Basta und Grüne haben bereits Kritik geäussert und angekündigt, das Referendum zu ergreifen, wenn das Paket so durch den Grossen Rat kommt. Ihnen geht die Entlastung der Gutverdiener*innen und Vermögenden zu weit. Dem Gewerbeverband dagegen zu wenig weit, er nennt die Vorlage einen «mutlosen Kompromiss». Einigermassen positiv äussern sich GLP bis SVP über die «längst fällige Steuerentlastung».
Nur eine Partei hat noch nichts gesagt: Die SP äussert sich erst im September. Das ist eine Frage des Dienstwegs, zuerst muss die Fraktion befragt werden und die tagt erst im Herbst. Was die grösste Partei Basel-Stadts zu sagen hat, dürfte aber interessant sein.
Hui
Für die SP ist die Ausgangslage nämlich ein bisschen tricky.
Nachdem die Regierung im März ihren Vorschlag präsentierte, ging die SP-Führung von null auf hundert in die Opposition und drohte mit dem Referendum. Mittlerweile ist sie etwas zurückgekrebst in der öffentlichen Kommunikation.
Der Grund ist die politische Konstellation: Das Finanzdepartement ist in den sozialdemokratischen Händen von Tanja Soland.
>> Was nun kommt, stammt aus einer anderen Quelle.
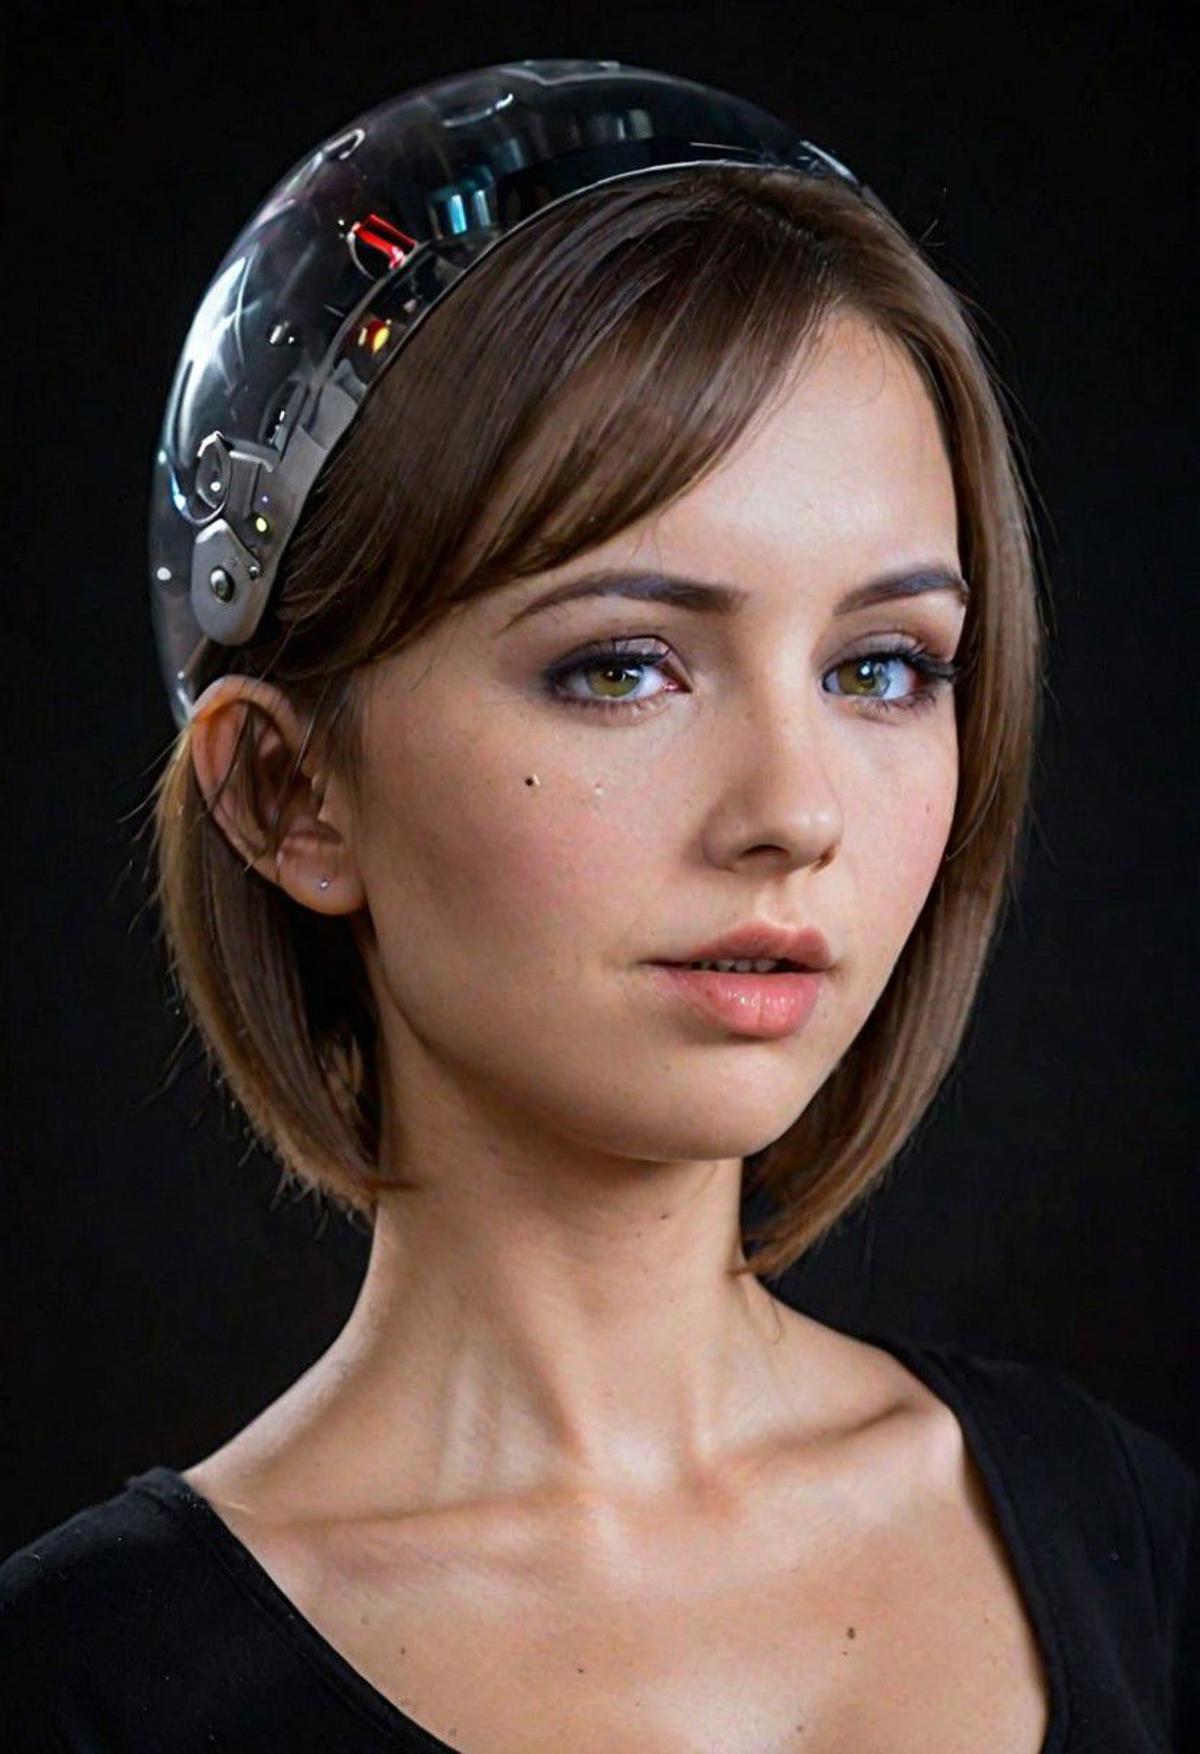 AI model image by Cyberpunkk

Allerdings haben die Bürgerlichen in Finanzfragen die Mehrheit im Parlament, weil die GLP für die Steuersenkung ist. Sie haben also machtpolitisch einen Vorteil und das in einer Zeit, in der Basel-Stadt Jahr nach Jahr Überschüsse verzeichnet hatte, und das sogar während der Pandemie. Gegen weniger Steuern zu argumentieren, ist also nicht ganz einfach.
Kommt hinzu: Im Paket ist für alle etwas dabei. Die tiefsten steuerbaren Einkommen profitieren, weil der Steuerfreibetrag sinkt - mehr Menschen mit tiefen Einkommen werden gar keine Steuern bezahlen müssen. Ein altes Anliegen der Linken. Auch bereits verbilligte Kassen-Prämien können inskünftig von den Steuern abgezogen werden, was ebenso Niedrigverdienerinnen zugute kommt.
GAB kann nicht verlieren
Durchs Band alle Einkommen werden tiefer besteuert. Und auch ein Zückerli für die Vermögenden gibts, deren Steuern ebenfalls leicht sinken werden. Das ist der Knackpunkt aus sozialdemokratischer Sicht, hinzu kommt: Die zirka 25 Prozent der Haushalte, die gar keine Steuern zahlen, weil sie zu wenig Geld dafür haben, profitieren nicht. Es wird ihnen aber auch nichts weggenommen.
Andererseits hat sich die Basler Bevölkerung in der jüngsten Vergangenheit sehr offen gegenüber, nennen wir sie «Klassenkampfthemen», gezeigt. 2019 nahm sie die Topvedienersteuer an, die jetzt durch die vorgelegten Steuererleichterungen laut Basta und Grünen geritzt wird. Letztes Jahr folgte die angenommene Mindestlohninitiative (also der Gegenvorschlag). Es ist also fraglich, ob die Bevölkerung es akzeptiert, wenn die hohen Einkommen und Vermögen zu stark entlastet werden. Hier muss dann also der bürgerlich dominierte Rat die Grenzen spüren.
Unter dem Strich haben also sowohl die Bürgerlichen, wie auch die Linken etwas zu verlieren. Die Wirtschaftskommission schreibt denn auch im Bericht, es sei ihr ein «ein grosses Anliegen, dem Grossen Rat eine breit abgestützte Lösung vorzulegen». Man spürt dem – an sich trockenen – Schreiben an, dass gerungen wurde. In mehreren Punkten hat es offenbar Protest von der einen oder Seite gegeben, dann wurde man sich aber im Sinne des Kompromisses fast einig (mit zwei Ausnahmen).
Kein Problem ist die Sache für Grüne und Basta. Sie haben niemandem im Regierungsrat und können sich mit einem Referendum profilieren. Wirklich verlieren können sie also eigentlich nicht.